Song: 363N63 by King Krule
https://www.youtube.com/watch?v=QgL2q2t1KEA
Artist's Statement
I’m excited to be inspired by the talent of the young King Krule, who adapts different styles and creative influences into unique, nuanced music. So in my visual adaptation of his instrumental piece “363N63” while I visually adapted some formal elements, I decided to use my own individual authorship to take the sensual and cerebral response I had while listening and create an accompanying piece. In creating this work, I found myself thinking about a particular part from Annie Dillard’s essay “Seeing,” in which she says “Seeing of course is very much a matter of verbalization. Unless I call my attention to what passes before my eyes, I simply won’t see it.” I was worried that I wouldn’t know enough about music to be able to express what it is that I was hearing, and how I could translate that to visual art. I noticed an “echo-y” quality about the song and I identified that as reverb. Once I was able to verbalize that, I could understand it formally and how it contributed to make the song's narrative exploration of the innovative minds of youth. Finally, being able to verbalize how the reverb contributed to the tone, allowed me to make a visual piece that accompanies both that form and its effect.
Formally, my work is divided up into two parts. My double exposed pieces, which I double exposed within my camera and have otherwise not been manipulated. The idea of the double exposure came from a formal element in the song. The song consists of this bright, youthful guitar riff which we are introduced to, and then blended with a lower cerebral bass that is cohesive musically, yet a variation which completes the sound. Visually, I represented this by double exposing an image: sometimes a variation of the same image, sometimes a completely different image that completes the picture. Plus, the initial guitar is reverbed, evoking a sense of auditory multiple exposure.Then there is the second part, which are the unaltered single exposed photos. These photos visually represent the stiller moments of the song as well as the the contemplative bass which remains steady throughout the song as everything else reverbs, weaves, waxes, and wains. The pictures are also mostly underexposed, which gives the collection a darker tone that matches the lower bass, yet the subjects (the two making art, the girl in the snow suit, and the girl on the laundry machine) represent the youthful, creative voice of the layers of reverb, guitars, and drum pad. I have ordered them from lightest to darker photos to accompany the progression of the light guitar reducing eventually to the lone dark bass. The realism of photography and the dark, underexposure of the photos matches the raw, gritty recording style of 363N63 as well.

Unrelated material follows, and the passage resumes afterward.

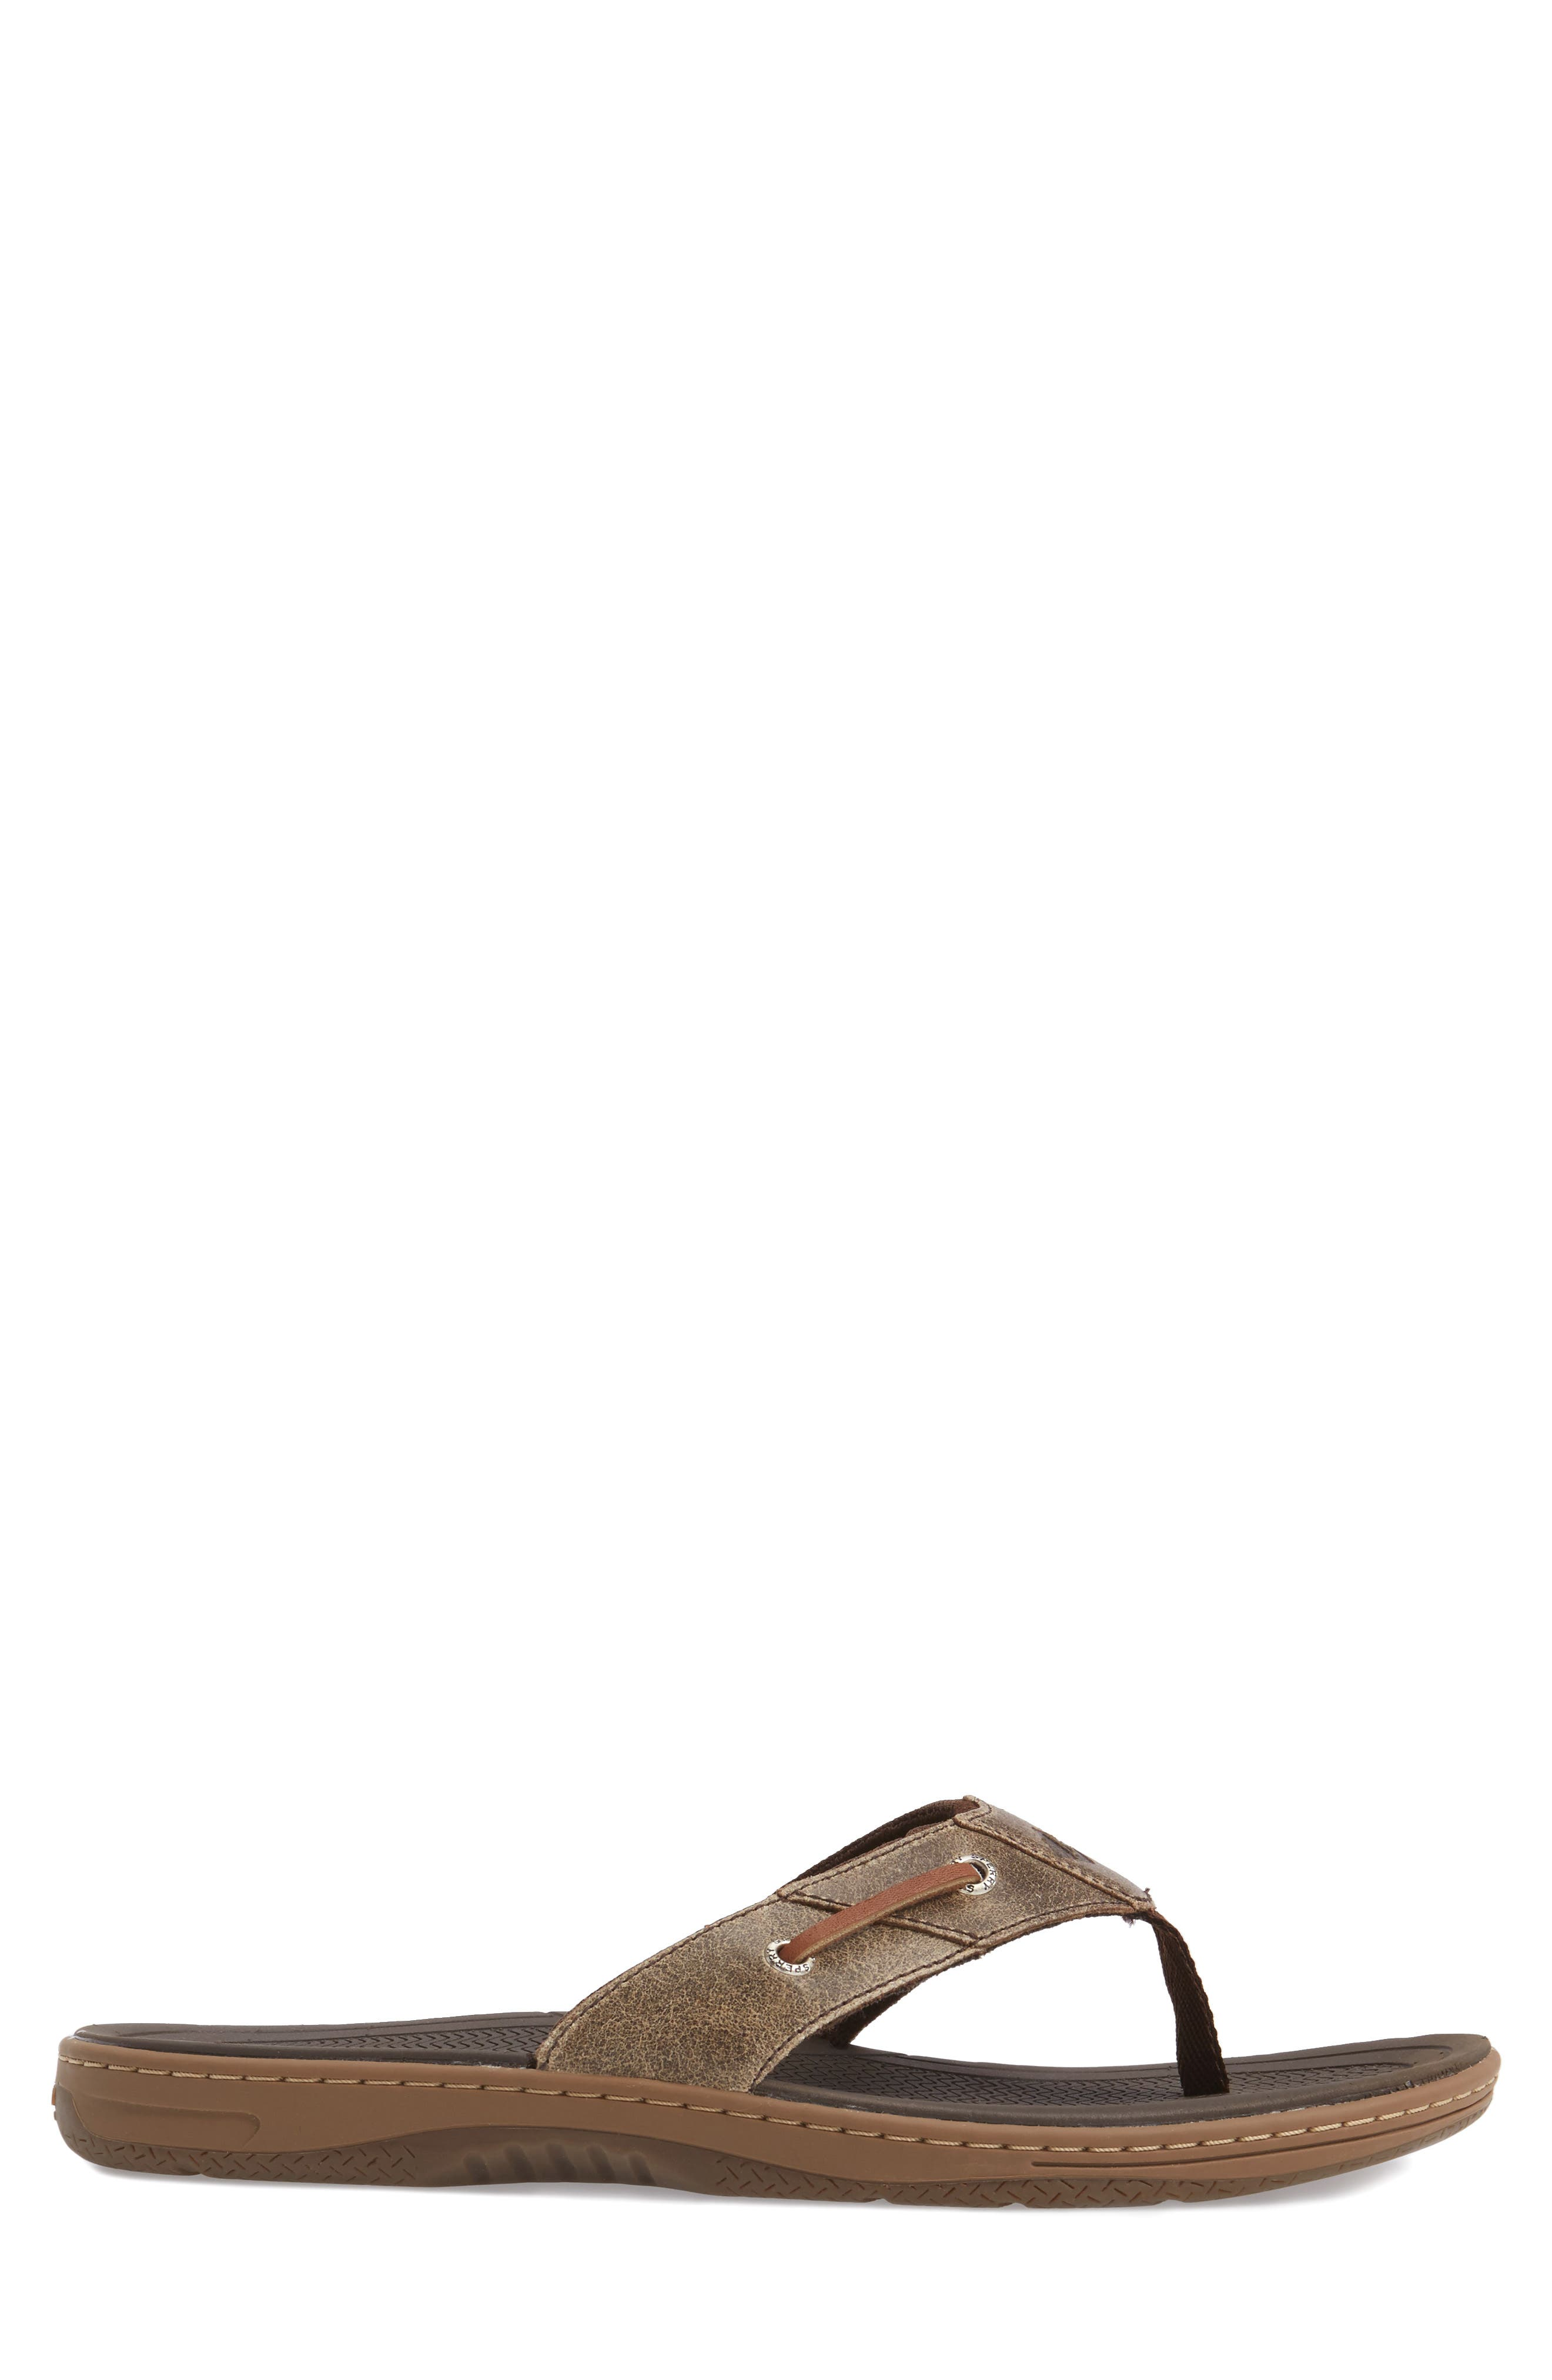 'Baitfish' Sandal,                             Alternate thumbnail 3, color,                             BROWN/BROWN
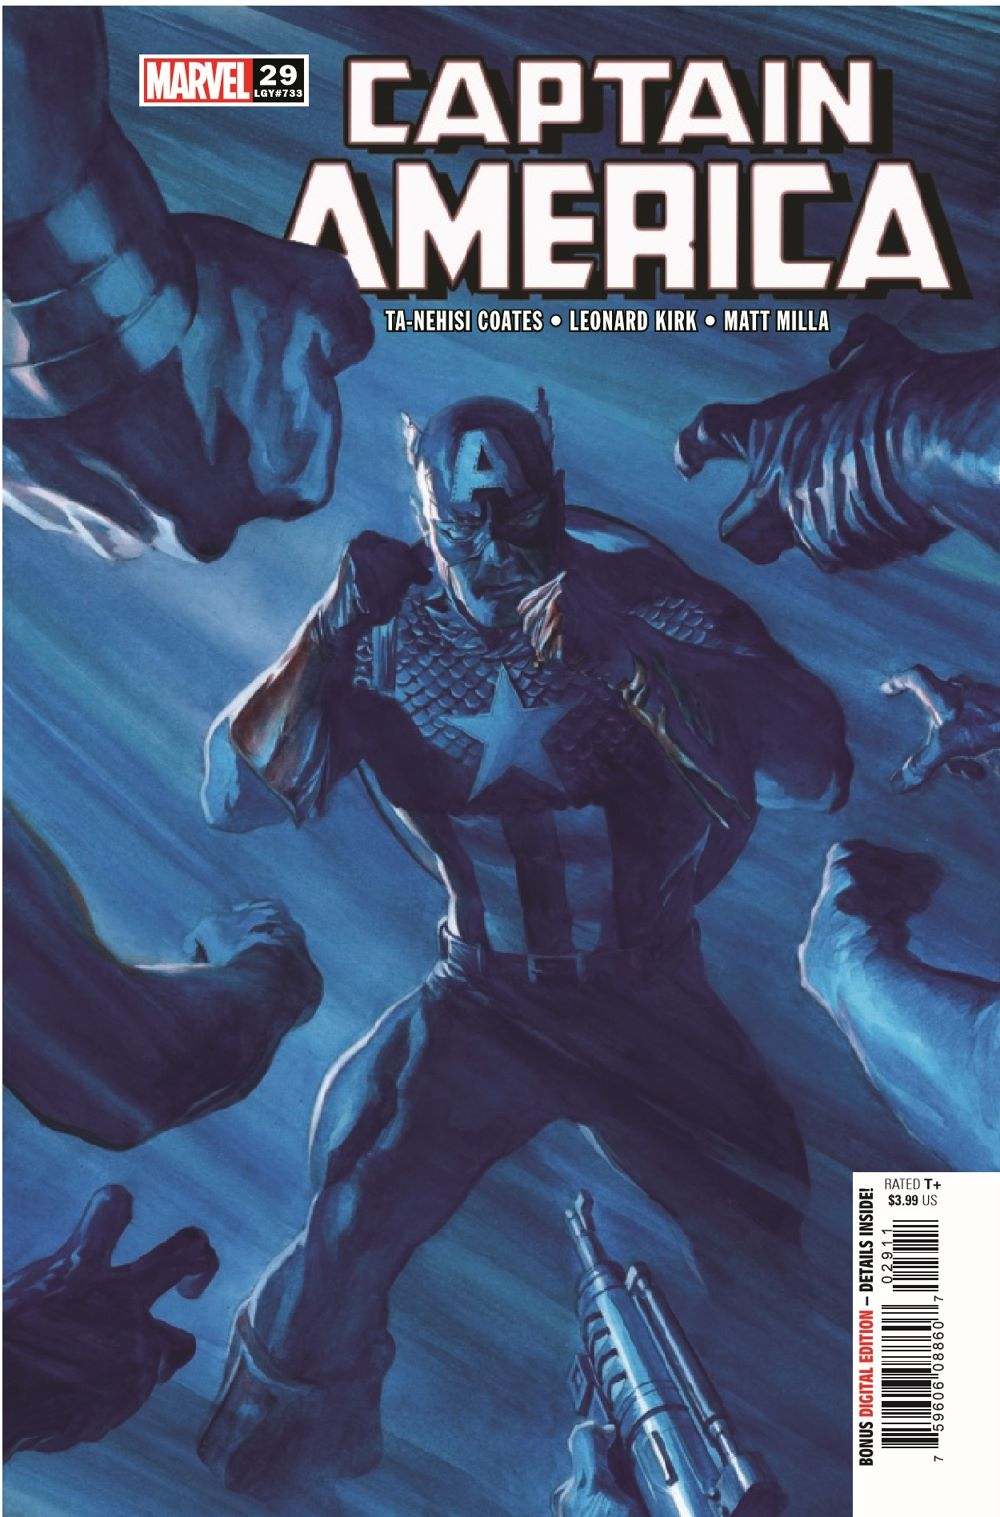 CAPA2018029_Preview-1 ComicList Previews: CAPTAIN AMERICA #29

There is a young artist from New Zealand who does drawings and paintings of people, but she adds a flare to the drawings which make them more than just portraits. Sometimes she adds clouds or distorts the drawings so there is repetition in features. (http://henriettaharris.com/paintings-gallery/) She is one of my favorite contemporary artists and there are qualities in her work that complement 363N63 as well as my collection. There is a common theme between her work and my mosaic of the innovation and celebration of youth. She does head portraits of young people, suggesting through the alterations that there is something outside the box and expressive about their minds. I wanted to provoke a similar idea instead through the medium of photography.